I am trying to build a function that will allow me to iterate through a row of a pandas dataframe and change its values of "yes", "maybe", or "no" to 1, 0, and -1 respectively. I've done this before using the exact same process but for some reason, this time, it's giving me a key error. When it wasn't working, I tried to simplify it to see if the iterator was working properly and found that the iterator is somehow changing my data. Using the code below
def testing(data):
print(data)
for i in range(len(data)):
print(data[i])
testing(train_x['Values'])
The function returns the following and then hits 'Key Error: 7'
137 no
84 no
27 yes
127 maybe
132 no
...
9 no
103 yes
67 no
117 maybe
47 no
Name: Value, Length: 120, dtype: object
yes
no
no
no
no
no
no
Does anyone know why this is occurring?
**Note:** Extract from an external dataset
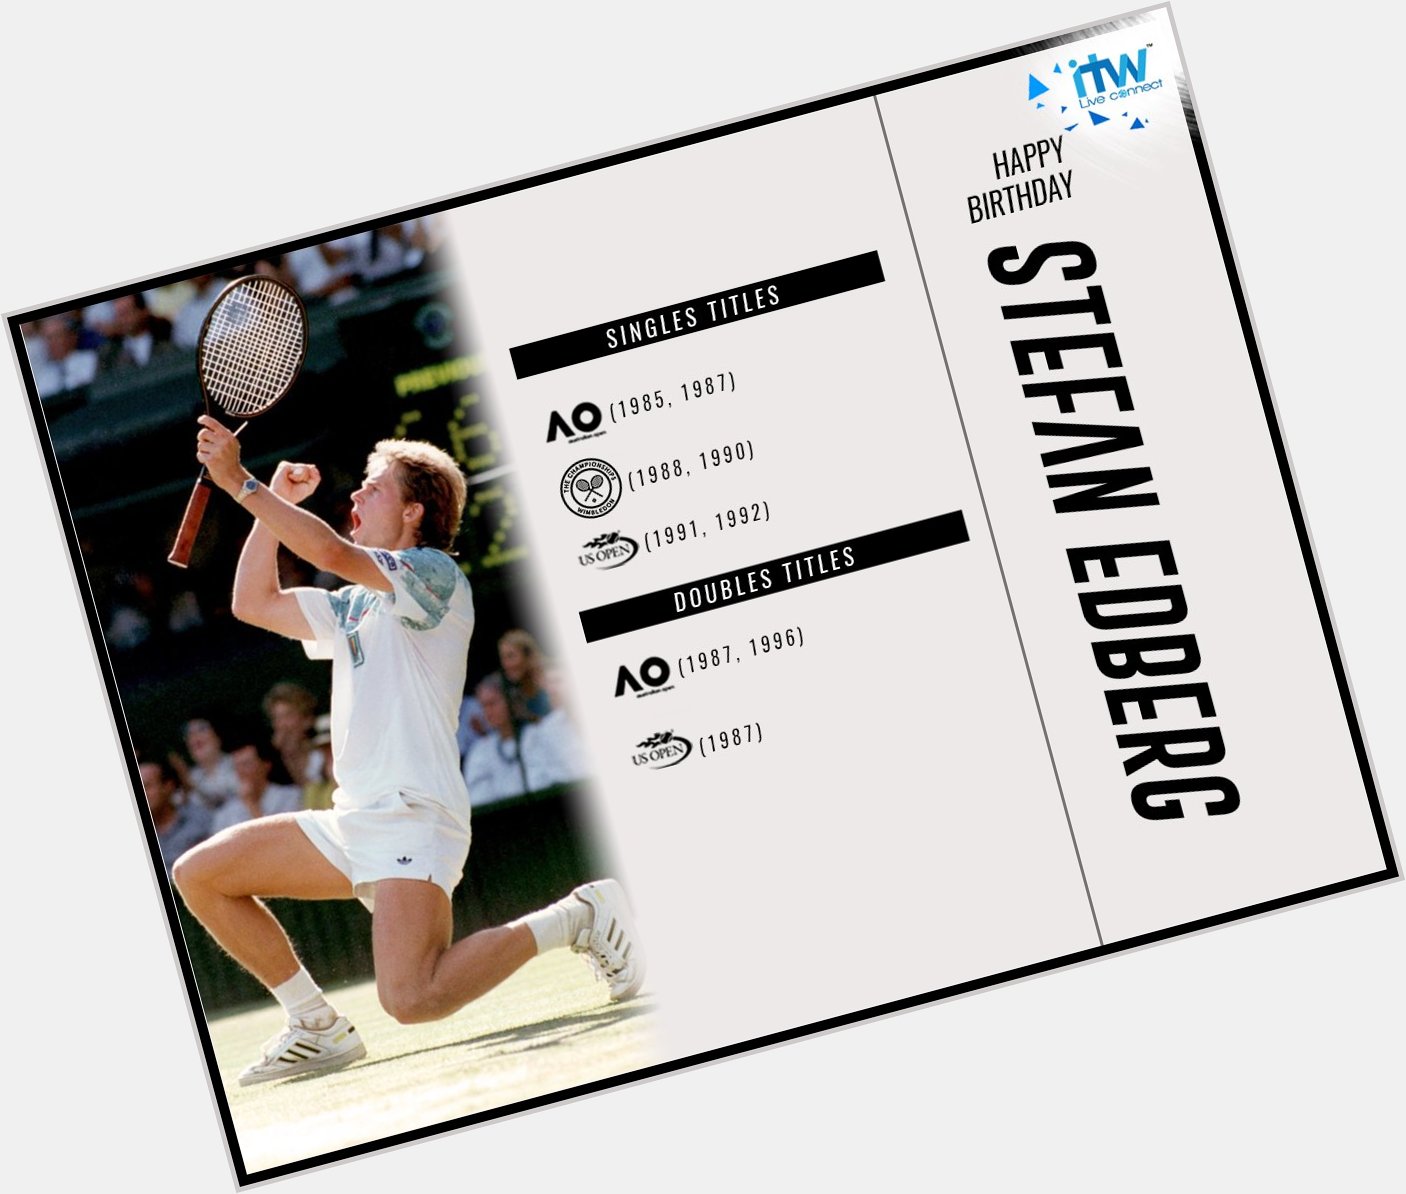 He is one of the greatest players of his era, Happy Birthday Stefan Edberg

Does it have something to do with the values being shuffled due to train_tests_split? The last time I did this, I did it prior to the train_test_split and it worked perfectly fine but since then, I've realized data preprocessing is more effective if done after the split in order to stop data leakage. If the split is the problem, is there a way to solve this issue using a different iterator?
The train_test_split
does shuffle the values.
You might want to try this:
Replace:
def testing(data):
print(data)
for i in range(len(data)):
print(data[i])
With:
def testing(data):
for i in data.index:
print(data.iloc[i])